Livestreaming refers to video that is distributed over a network in near real time, without first being recorded in its entirety. Livestreaming can include broadcast livestreams, which are one-to-many connections that are sent to multiple devices simultaneously via broadcast or multicast network connections. Livestreaming may utilize various real-time communication protocols such as Real-Time Streaming Protocol (RTSP), HTTP Live Streaming (HLS), Secure Reliable Transport (SRT), and/or other suitable protocols. In addition to the ease of creating content, modern technology also enables easy consumption of content.
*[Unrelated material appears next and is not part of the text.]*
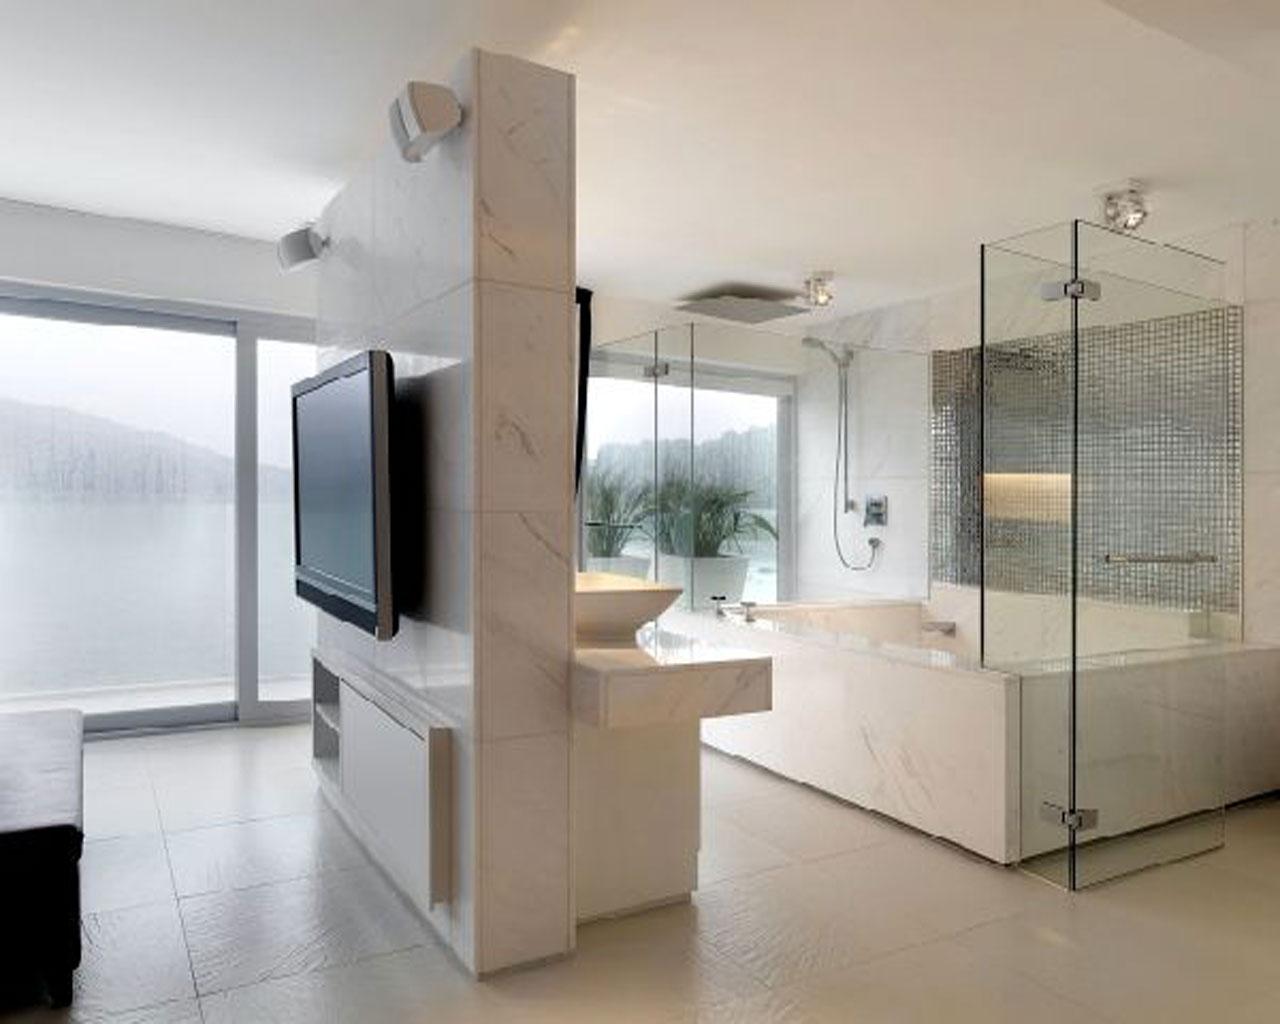 master bathroom. Design Bathrooms  7 Awesome Best Small Bathroom Designs Small

Individuals are now able to consume video from almost anywhere on their mobile electronic devices, such as smartphones or tablet computers. Especially on mobile devices, social media platforms have become an extremely common use of internet-based video. Internet-based video can be accessed through the use of a browser or specialized app that can be downloaded from a variety of services. While these services vary in their video capabilities and features, they are generally able to display short video clips, repeating video “loops”, livestreaming, music videos, etc. These videos can last anywhere from a few seconds to an hour or more. Countless hours are spent online watching an endless supply of videos from friends, family, social media “influencers”, gamers, favorite sports teams, or other sources.
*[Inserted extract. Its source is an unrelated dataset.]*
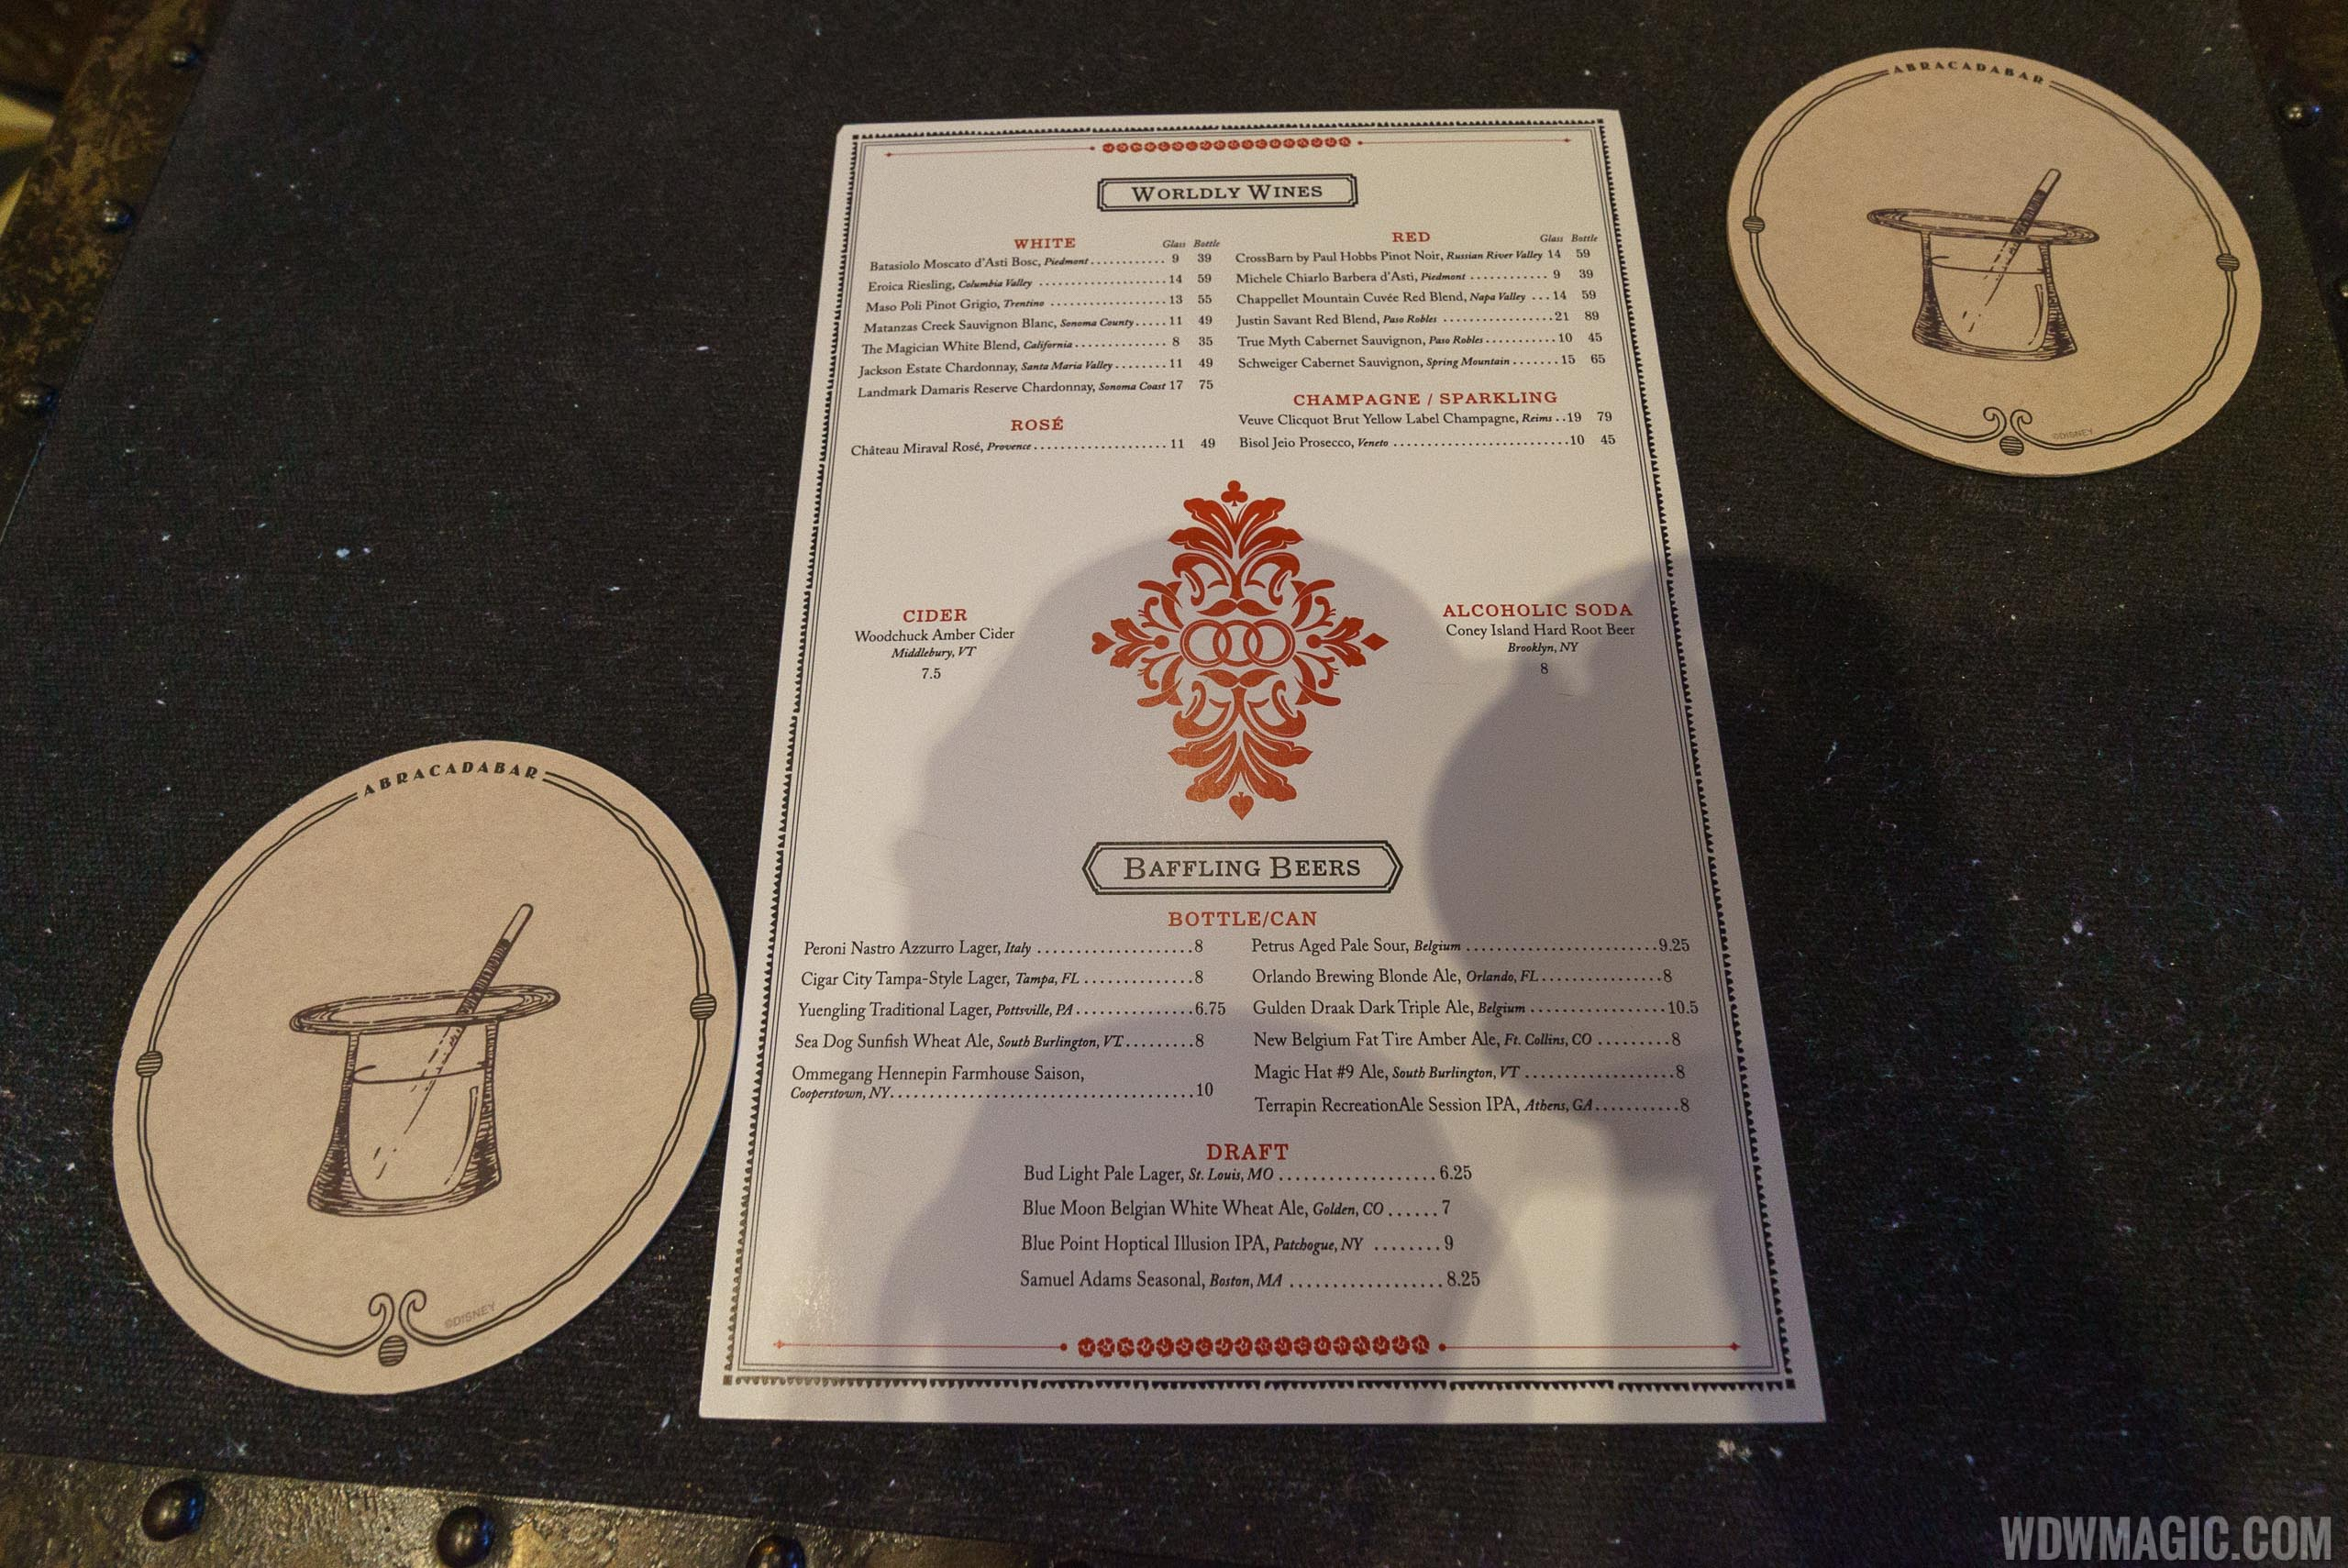 AbracadaBAR Wine and Beer menu

Making short-form videos part of a product engagement and/or promotional strategy allows engagement with audiences that typically ignore traditional advertising outlets. Short-form videos can be easily shared among friends via email, texting, and/or posting on social media. This further increases the potential advertising impressions of products that are discussed and/or demonstrated in the short-form videos. Thus, short-form videos are an important part of a product launch strategy, public relations campaign, or other marketing efforts that strive to reach a wide audience.

SUMMARY

Short-form videos are very useful in product promotion, as they can be used to create engaging experiences that enhance entertainment value, while also educating potential consumers about the features of a product or service. An important aspect of the use of short-form videos is making sure that the short-form videos are presented to an appropriate audience. Disclosed embodiments provide techniques for short-form video dissemination by utilizing clustering with multi-dimensional vectors. This approach helps increase the likelihood that a short-form video is presented to users that will want to engage with the content. In embodiments, a container unit is rendered on the display of a mobile electronic device such as a smartphone or tablet computer. Videos are presented within the container unit in a variety of arrangements, allowing the viewer to select one or more short-form videos for viewing.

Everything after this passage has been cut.